Up until today, this topic has not yet been explored in detail by the international research community – so we really have the potential to generate substantial impact in this domain. One nice example is the so-called opto-antenna we developed; a passive antenna that directly connects to an optical fiber and that no longer requires an (electrical) amplifier to produce an RF signal. With all of its active functionalities residing in the cloud RAN, our opto-antenna could easily be integrated in a number of materials (floor tiles, wall paper, etc.) for very high-speed wireless connectivity at short range. In our first tests, for instance, we achieved bitrates of 0.5 Gbps at distances up to 20cm.

The future is optical

In the next couple of years, the improvement and refinement of optical technologies will remain very high on our research agenda. If one needs to send lots of data over longer distances, it is clear that optics remains the way to go – not only in the wireline, but also in the wireless domain.

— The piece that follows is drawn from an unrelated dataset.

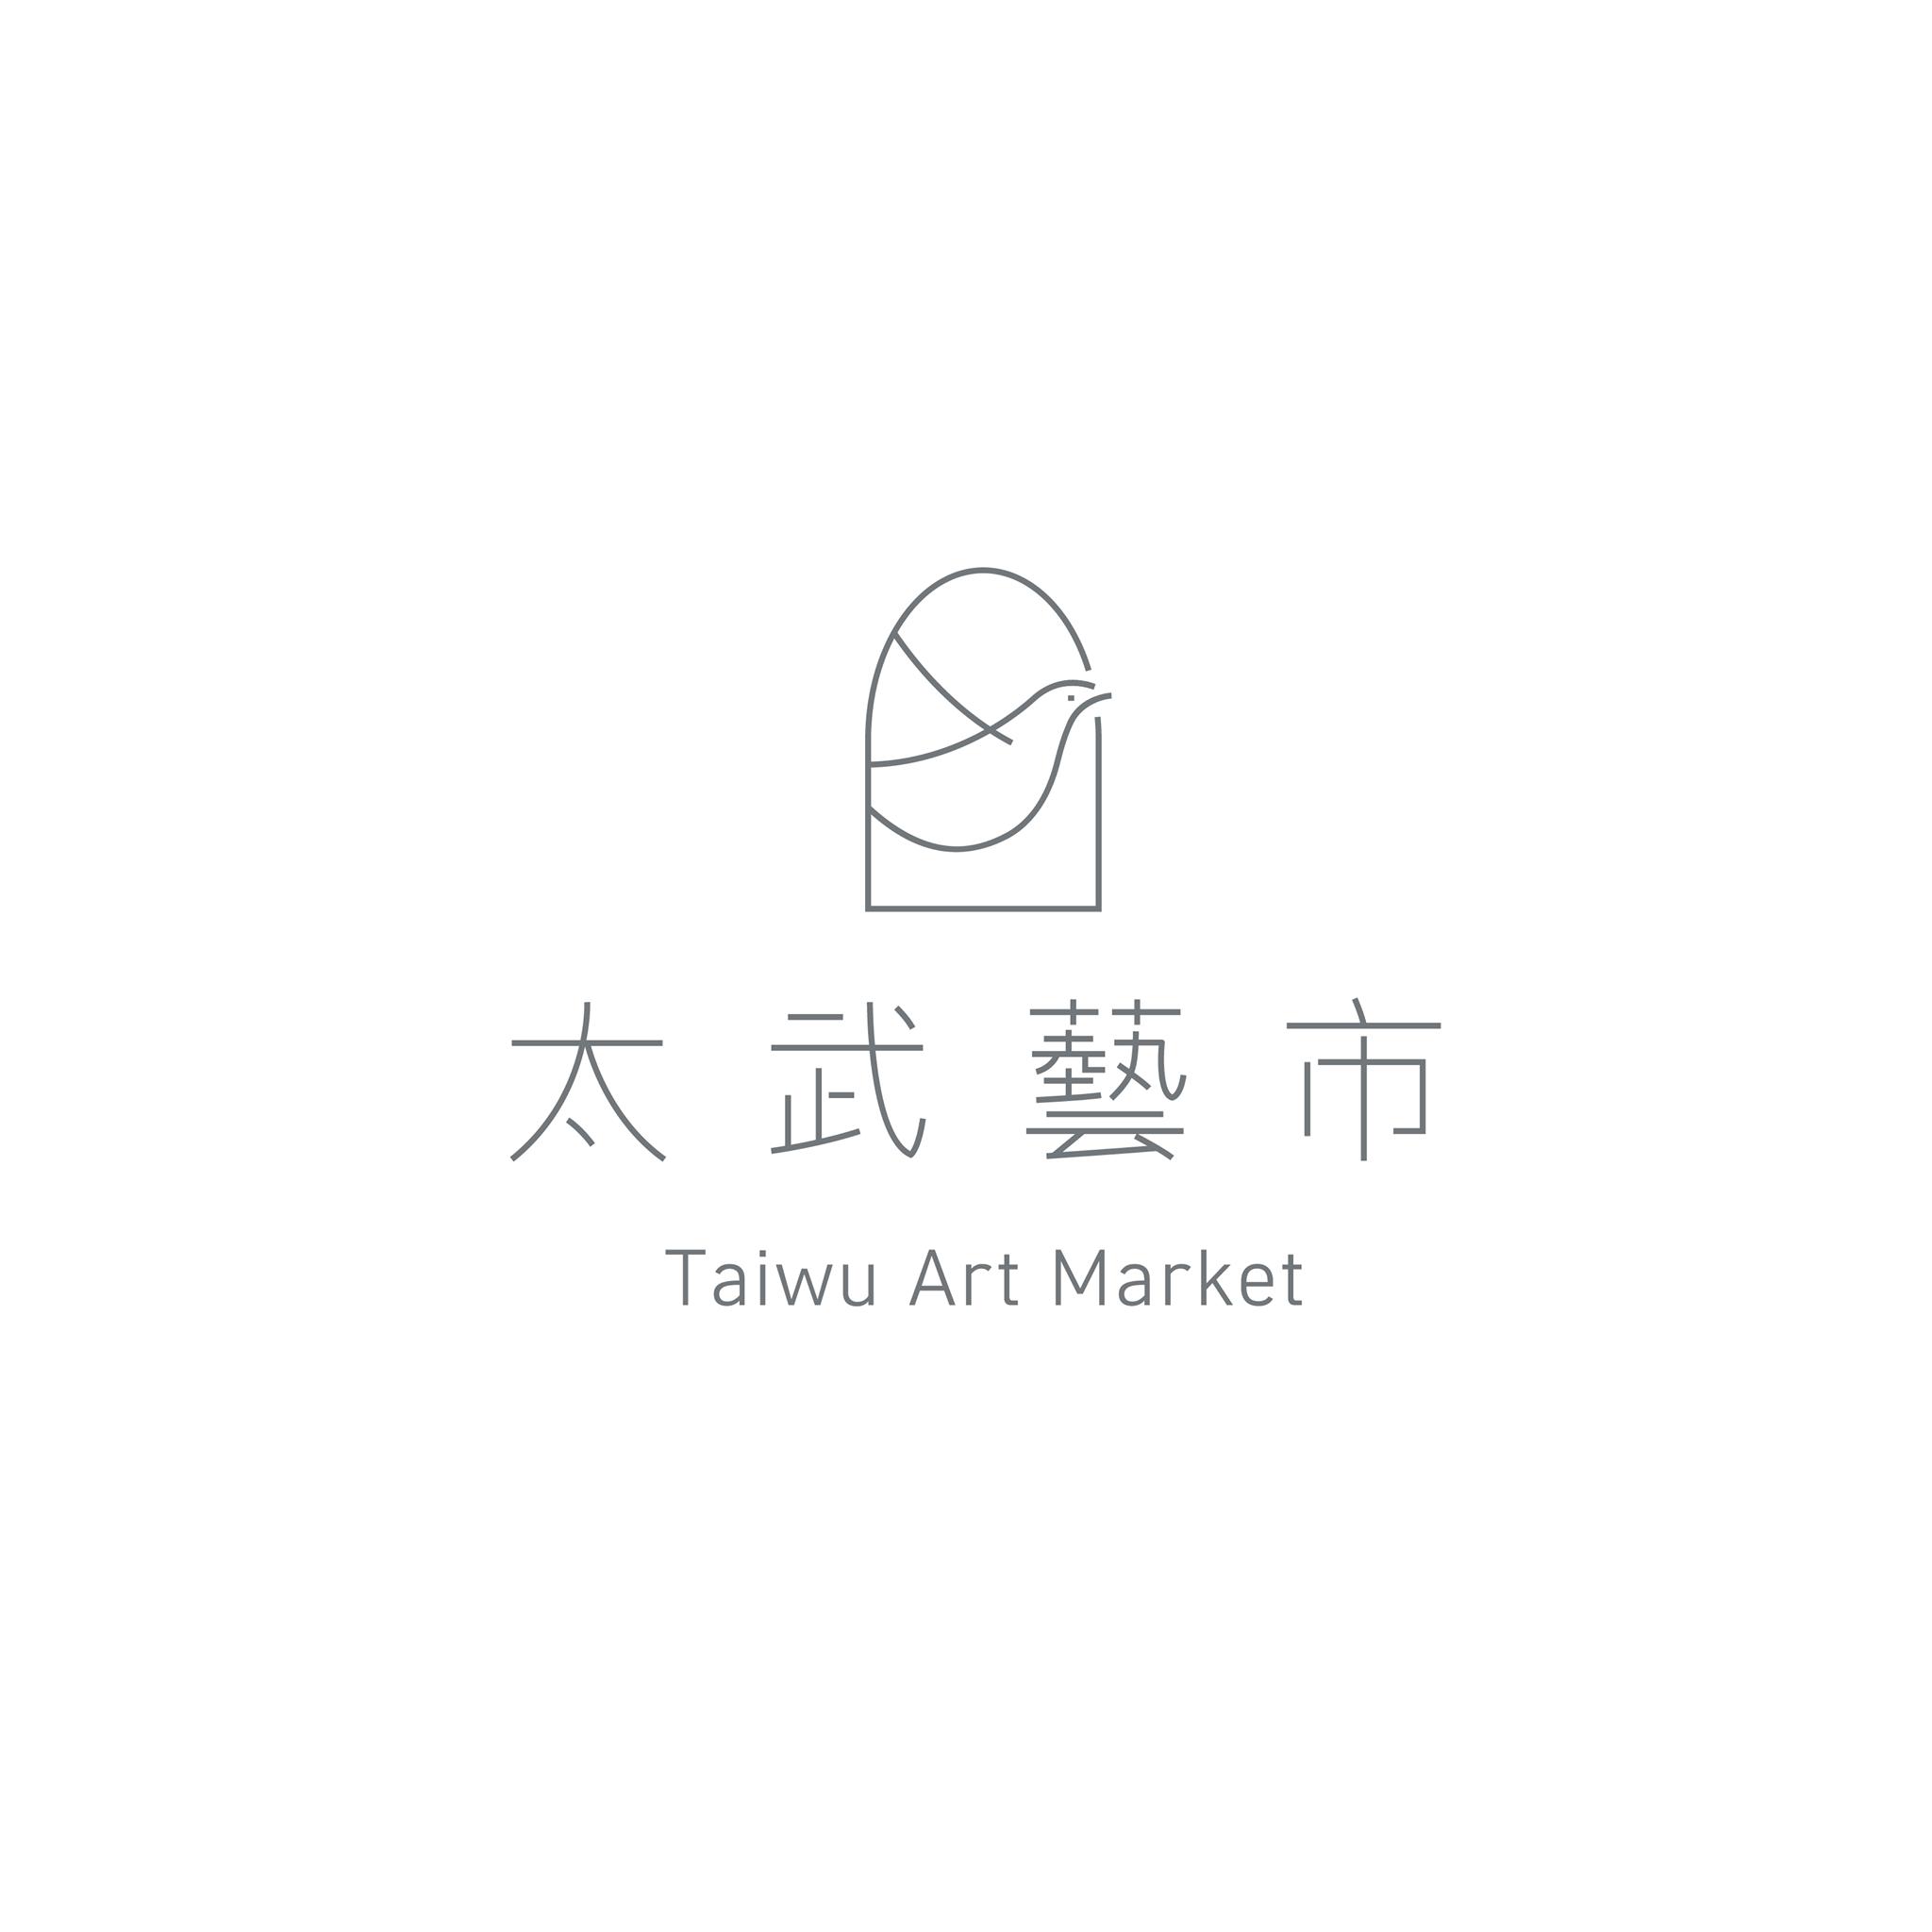 太武藝市|市集品牌招募中

And our research into RoF will be fundamental to making this a reality. As wireless spectrum and spectral efficiency are reaching their scaling limits, deploying increasingly smaller cells will be key to continue to increase wireless bitrates. And more (cost-)efficient technologies, such as RoF, will be required to accommodate this.

Thanks to a close collaboration with other imec research teams working in the area of wireless communications and photonic technologies and devices, we are uniquely positioned to contribute to this evolution.


Professor Piet Demeester – Head of
IDLab, an imec research group at
Ghent University

Biography Piet Demeester

Piet Demeester is professor in the Faculty of Engineering and Architecture at Ghent University, IEEE Fellow and holder of an ERC Advanced Grant. He is also heading IDLab, an imec research group at Ghent University and the University of Antwerp.

After finishing a PhD on Metal Organic Vapor Phase Epitaxy for photonic devices in 1988, he established a research group in this area working on different material systems (AlGaAs, InGaAsP, GaN). This research was successfully transferred to imec in 2002. In 1992, Piet started research on communication networks and established the IBCN research group (now integrated in IDLab). IDLab is focusing on several advanced research topics: Distributed intelligence for IoT, Machine Learning, Data Mining, Semantic Intelligence, Multimedia Processing, Cloud and Big Data Infrastructures, Fixed and Wireless Networking, Electromagnetics and Transceiver IC Design for Optical and Optical-Wireless Networks.